“这是小溪养的猫,跟我总是不太亲热。”王承边说着,边小心翼翼的伸出手,捏着黑猫的后脖颈。
沈遇白问:“小溪是谁?”
自从瞧见黑猫,她的目光就没从黑猫身上离开过。这不是只猫。准确的来说,是一个幻化成猫的东西。手上戴着的黑色戒指在靠近猫时,会发出微微的、温热的感觉。
不痛,不烫。
但在提醒她,这不是个安全的东西。
“我的好朋友。”王承把猫抱在怀里,许是嗅到了危险又陌生的气息,黑猫在他怀里乖巧了些,不似往常那般凶狠恶劣,“她有事出去一躺,现在应该快回来了吧。”
他抱着猫,拿出茶几桌下放着的小箱子。
“咔嚓。”
钥匙开门的声响。
看来小溪回来了。
沈遇白朝门口望去。
开门的是一个小姑娘,约摸着十八岁左右,穿着黑色的卫衣,戴着黑色的棒球帽,头发刚好是到肩膀的长度,披散着。
“喵呜!喵!”
黑猫瞧见她后,挣扎着朝她跑去,眸子里隐约闪着绿色的光。
几乎是同时,小姑娘抬头瞧见屋内多出的二人后,连钥匙都没顾得拔下来,头也不回的拔腿就跑。
“顾景司!”
沈遇白大喊一声。
伸手,用灵术将黑猫困住。
顾景司会意,翻身越过茶几,跑着追过去。
“这、这……”在医药箱里翻找纱布和碘伏的王承愣了神,目瞪口呆的瞧着悬浮在半空、被浅蓝色的水雾包裹。他嘴巴张着,半晌都合不拢,还未等他回过神,一股力量朝他袭来。

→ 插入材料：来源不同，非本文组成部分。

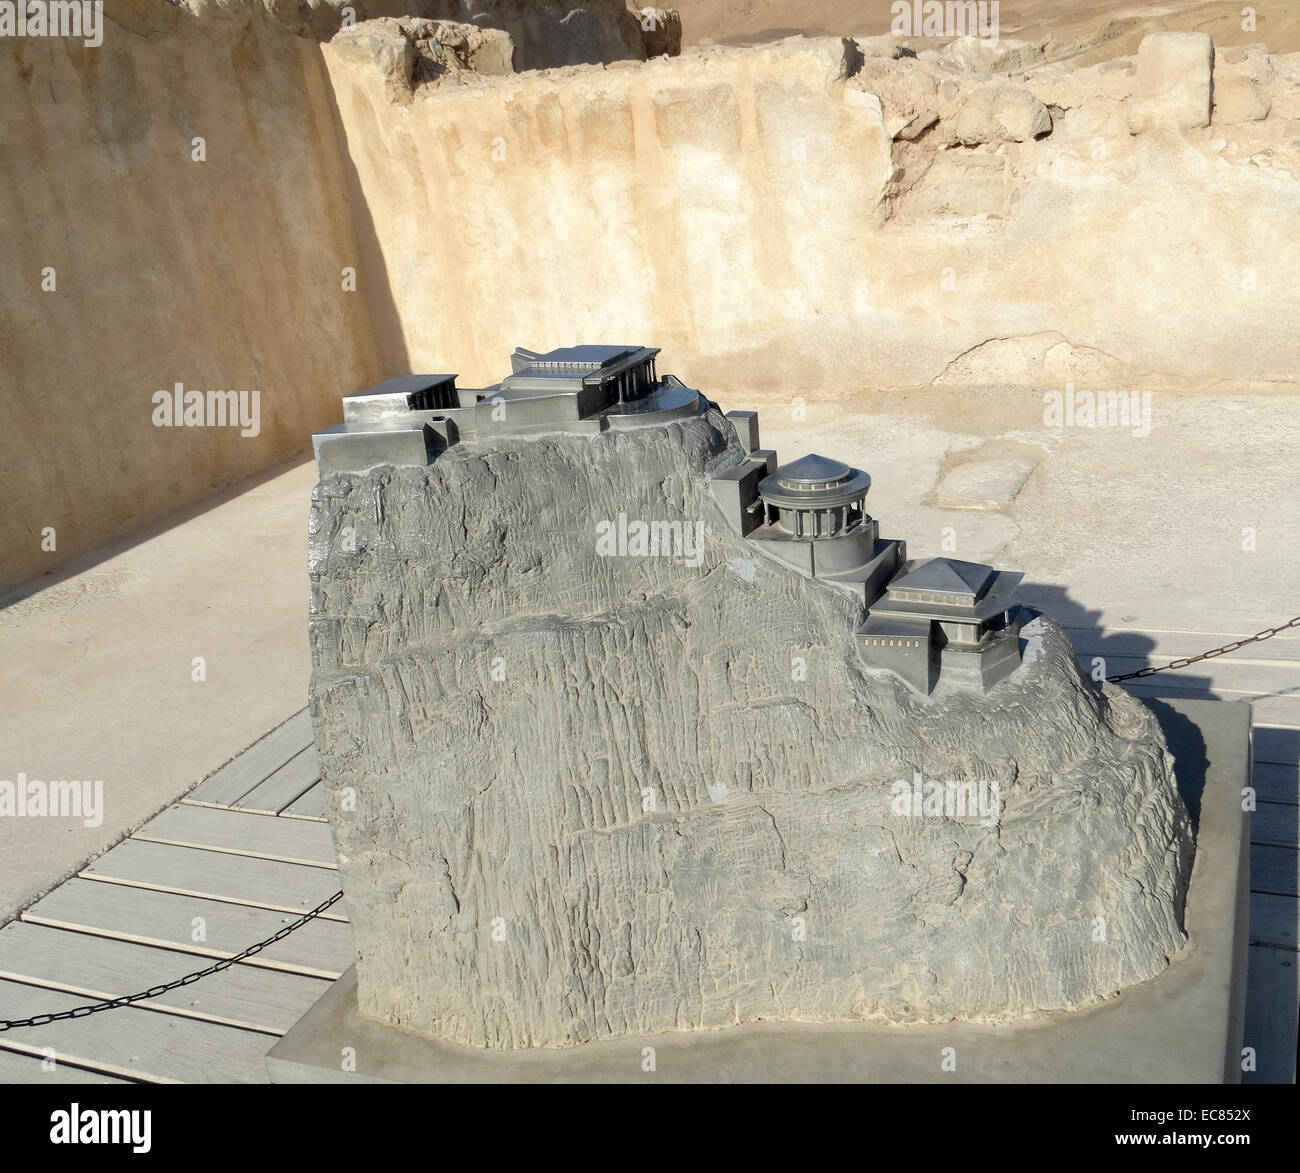 Model; Northern Palace of Masada; an ancient fortification in the Southern District of Israel situated on top of an isolated rock plateau on the edge of the Judean Desert; overlooking the Dead Sea. Herod the Great built palaces for himself on the mountain and fortified Masada between 37 and 31 BCE. Stock Photo

他周身被冷气环绕,身子腾空而起。秋天,在屋内,哪怕穿着厚厚的毛衣,都有刺骨的寒意。
王承意识到不对劲:“你们究竟是什么人!来找我有什么目的!”
沈遇白一手控制着一个,无视了王承的质问,眨眼间变换了眸色,瞟了一眼少年的欲望:
成为歌手,有很多听众,有很多钱,摆脱来自父母的桎梏……
长长的一串,倒是不少。
瞥见最后的几个字眼,沈遇白皱了皱眉,换了眸色,后退到窗边,垂眸透过窗户朝楼下瞧去——
小姑娘终不是顾景司的对手,此时被人制服,手上还戴着手铐。
她总是吐槽顾景司跟她出门腰间别着银闪闪的手铐,生怕旁人不知道他是个警官似的。如今倒真派上了用场。
黑猫被圆形的水雾困住,喵喵叫着,用利爪不停的挠。它伤口流出的血,滴在雾气中,化作了黑色的烟,消失不见。
“喵——”
它的叫声越来越惨烈,尖锐,刺耳。让人心烦的同时,没来由的不安、心慌起来。
“放开我!”
门没关,楼道里的声音听得真真切切。
小姑娘奋力挣脱无果,气急败坏的道:“你再不放开!我就跟人说你是变态,你欺负我!到时候你等着做牢子吧!你听到没有?你聋了吗?你是哑巴吗?说话啊!”
若怒气能杀人,她早就将押送囚犯般押送着她的男子给杀了个一千次,一万次。
跨过门槛,瞧见屋内的情景,她便一个字都说不出了。
小姑娘吞了吞口水,神色不明的瞧着黑猫,身后“哐当”的关门声吓得她浑身僵住,不敢动弹。
沈遇白垂下手,在浅蓝色雾气消散的瞬间,手在空中画了符咒。
低呵一声:“困!”
话音落,黑猫被困在一个大的玻璃球中,化成了一团黑色的雾气,“咕咚”一声掉在了地上。